AVAILABLE RECORDS:
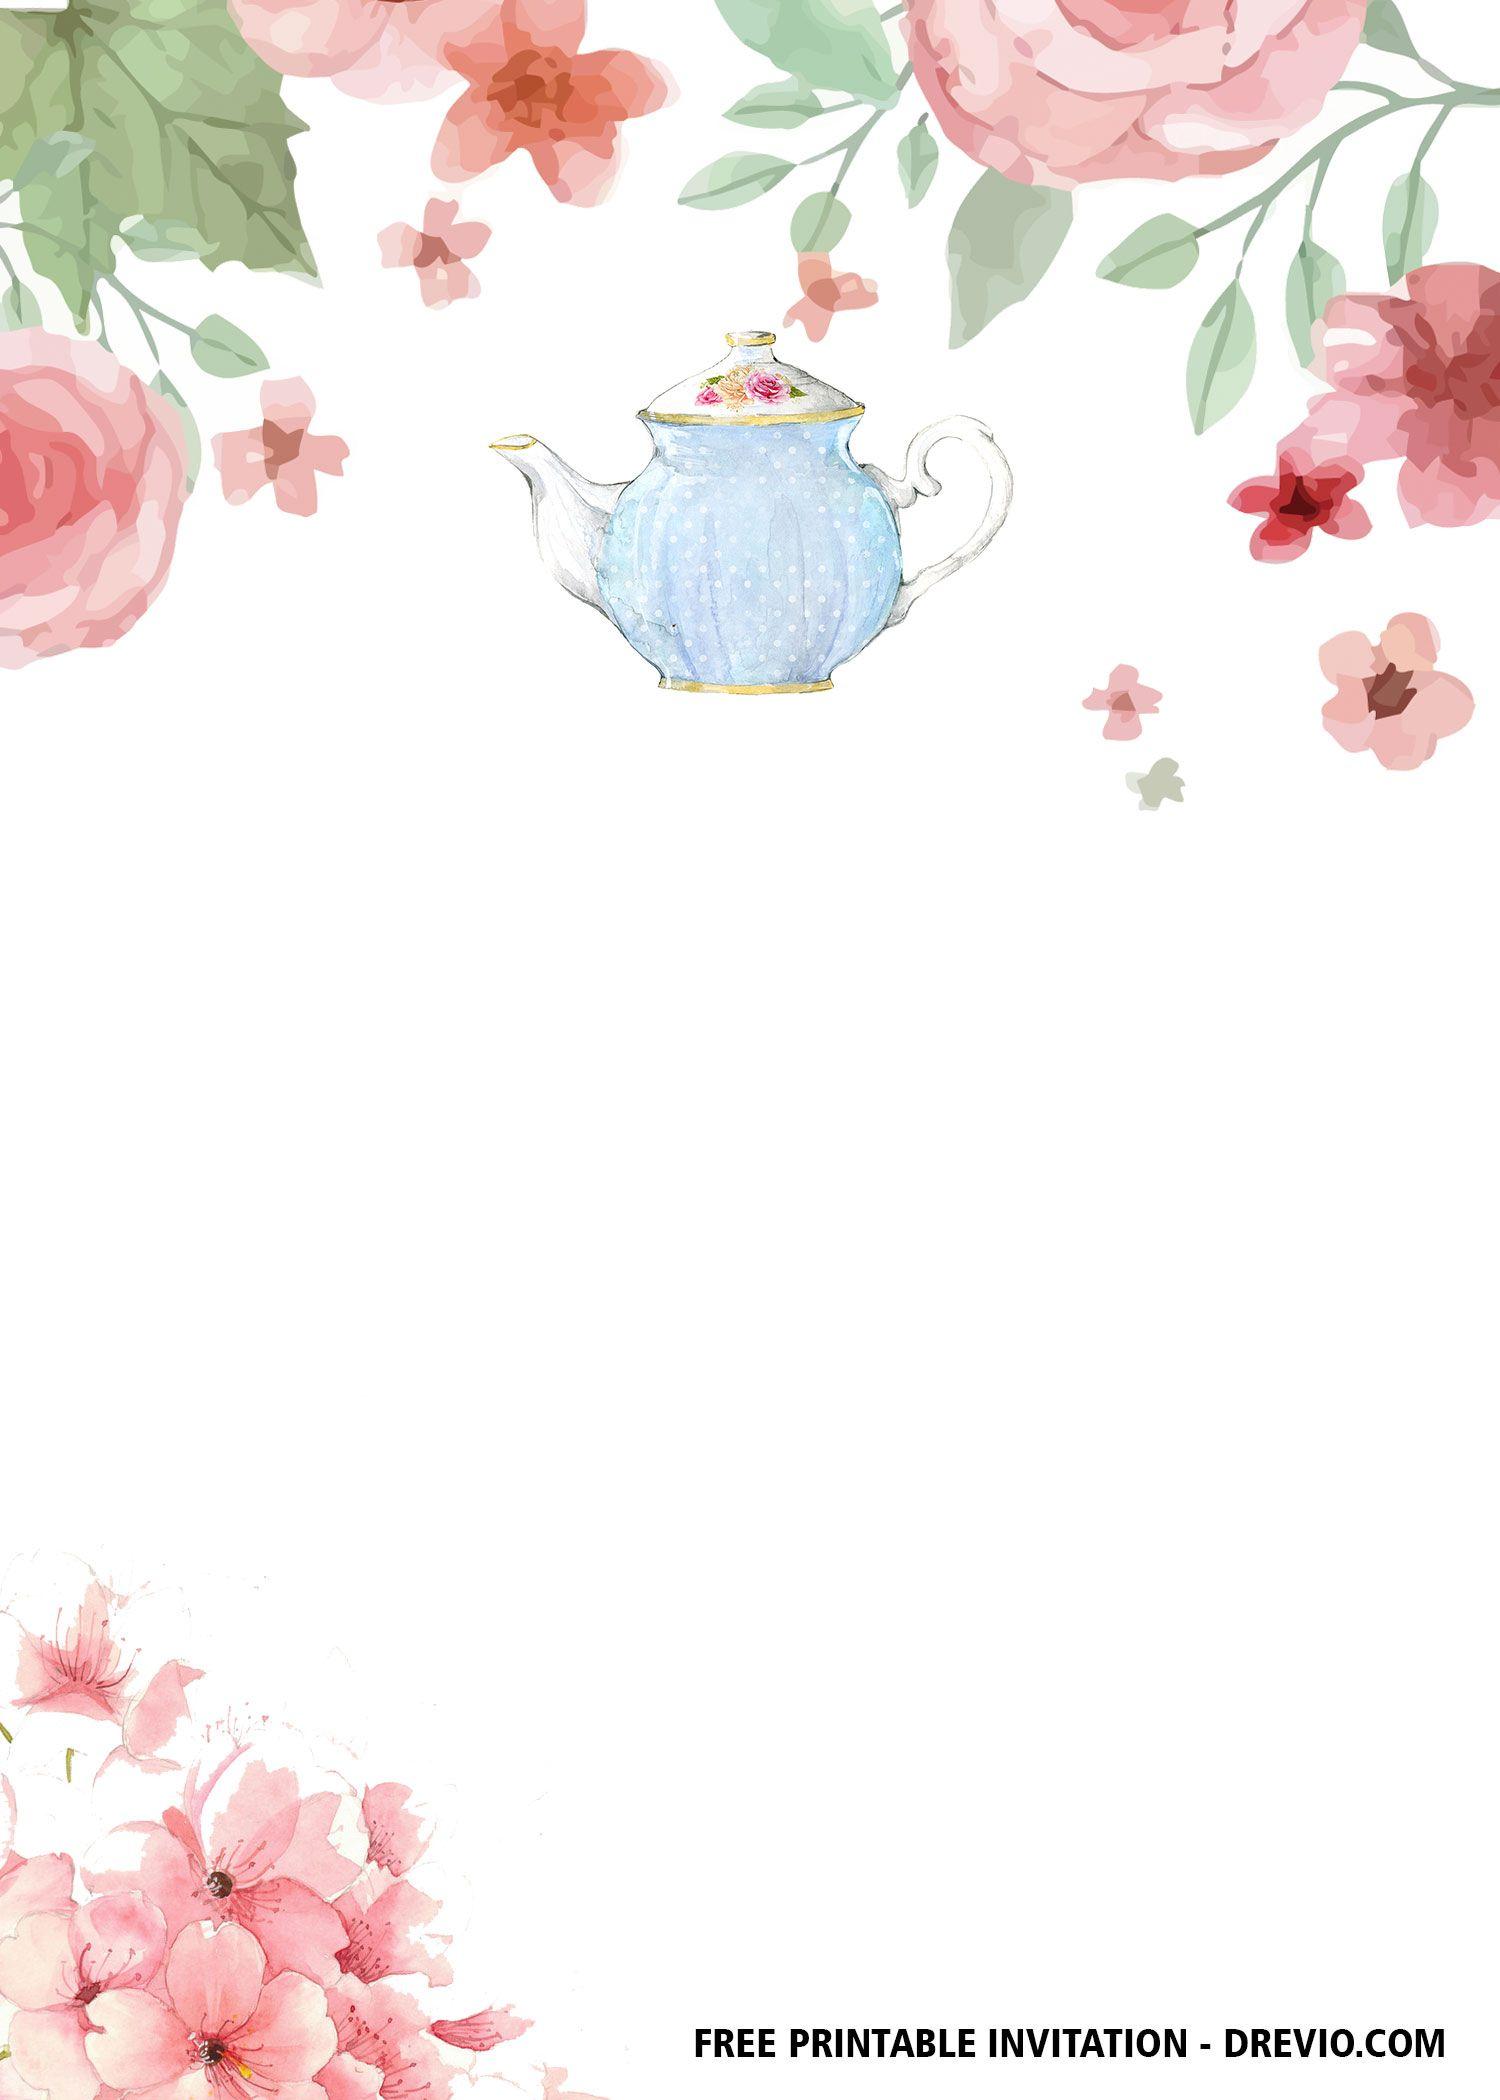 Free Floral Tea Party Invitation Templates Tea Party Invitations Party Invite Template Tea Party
* * *
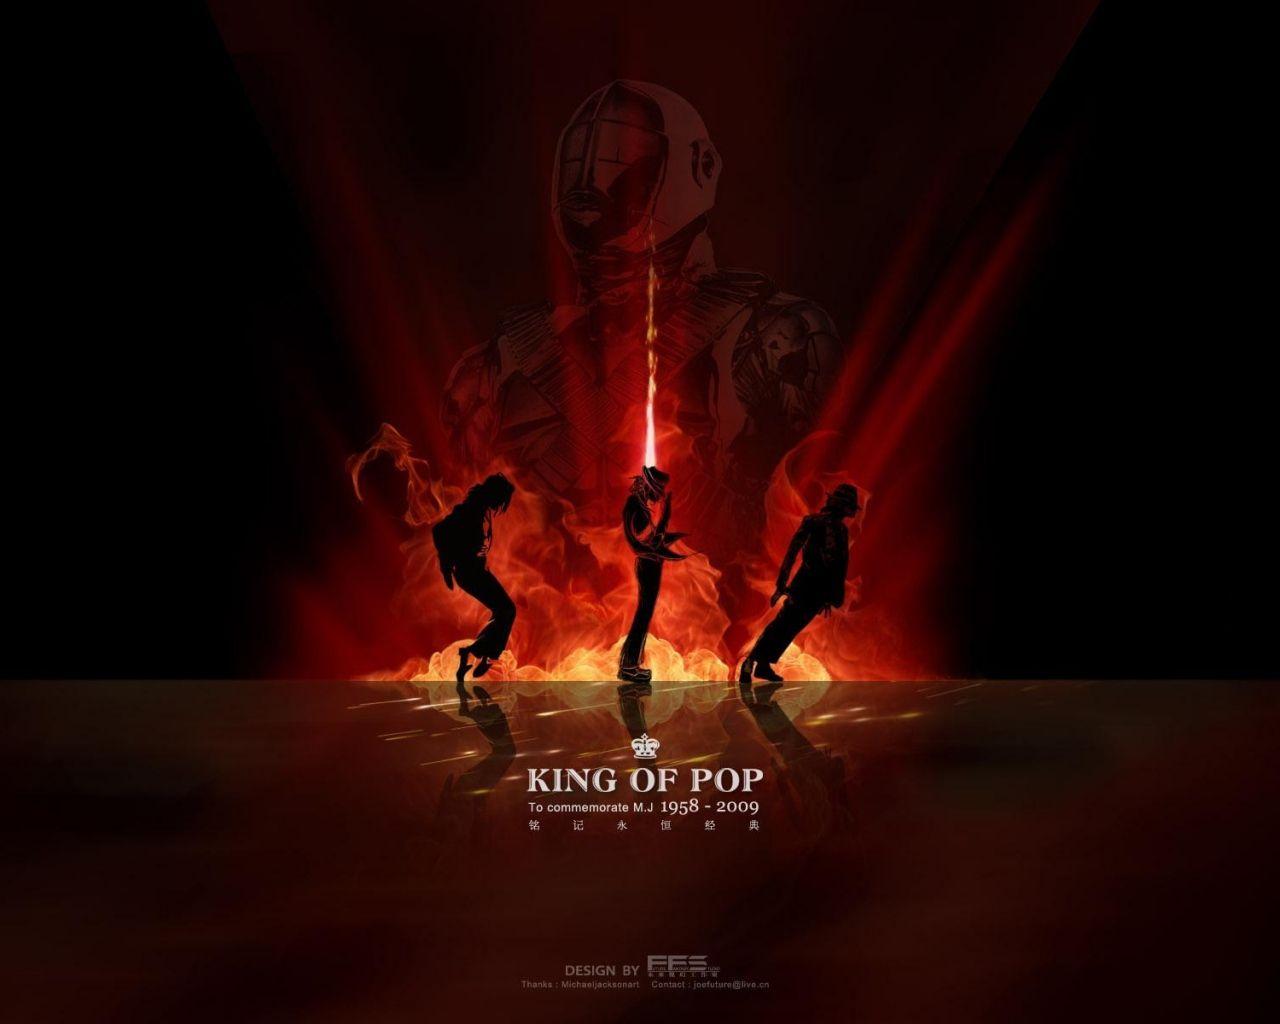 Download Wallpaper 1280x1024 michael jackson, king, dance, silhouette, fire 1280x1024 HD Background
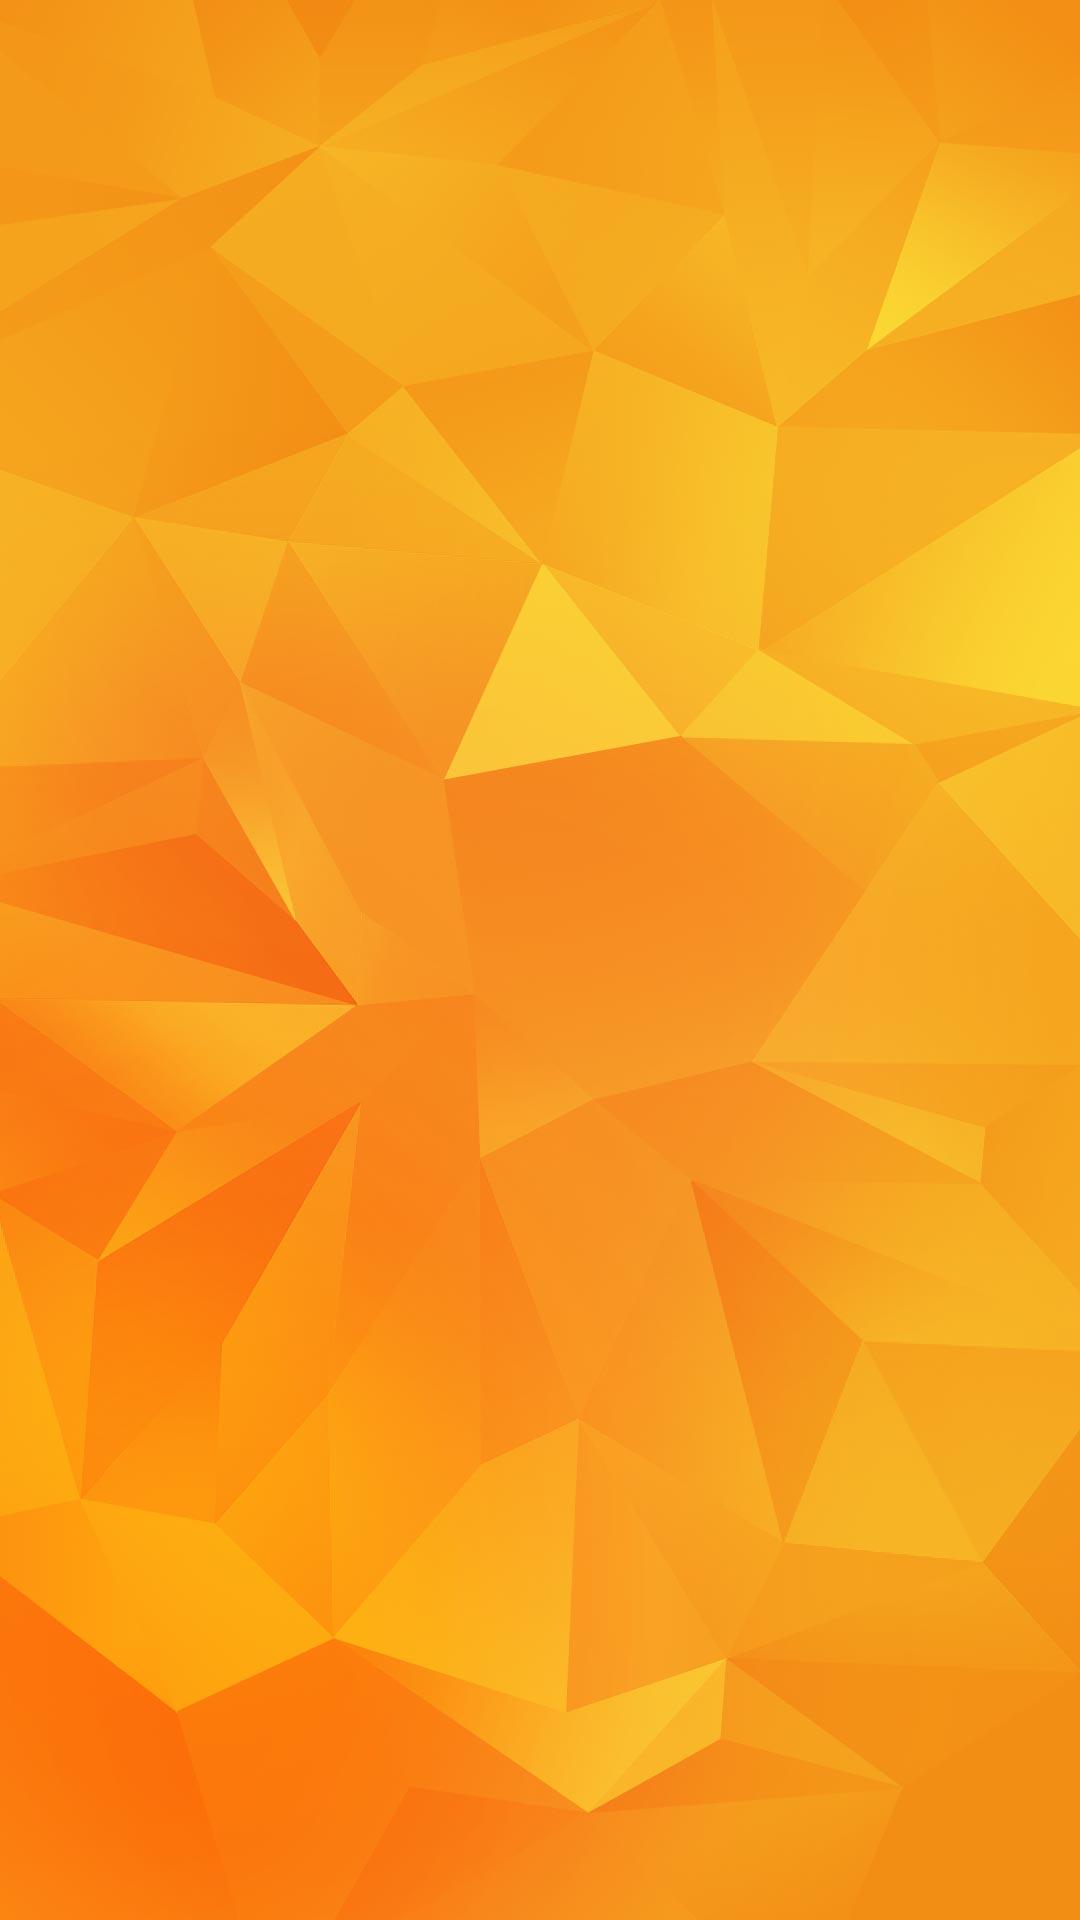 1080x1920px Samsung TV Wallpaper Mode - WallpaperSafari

ACTION ITEM:
Above are the records; copy exactly the lines from the one with "Download Wallpaper 1280x1024" through the one with "1080x1920px Samsung TV", including both, and nothing more. Leave out pictures.

SOLUTION TO THIS PROBLEM:
 Download Wallpaper 1280x1024 michael jackson, king, dance, silhouette, fire 1280x1024 HD Background
 1080x1920px Samsung TV Wallpaper Mode - WallpaperSafari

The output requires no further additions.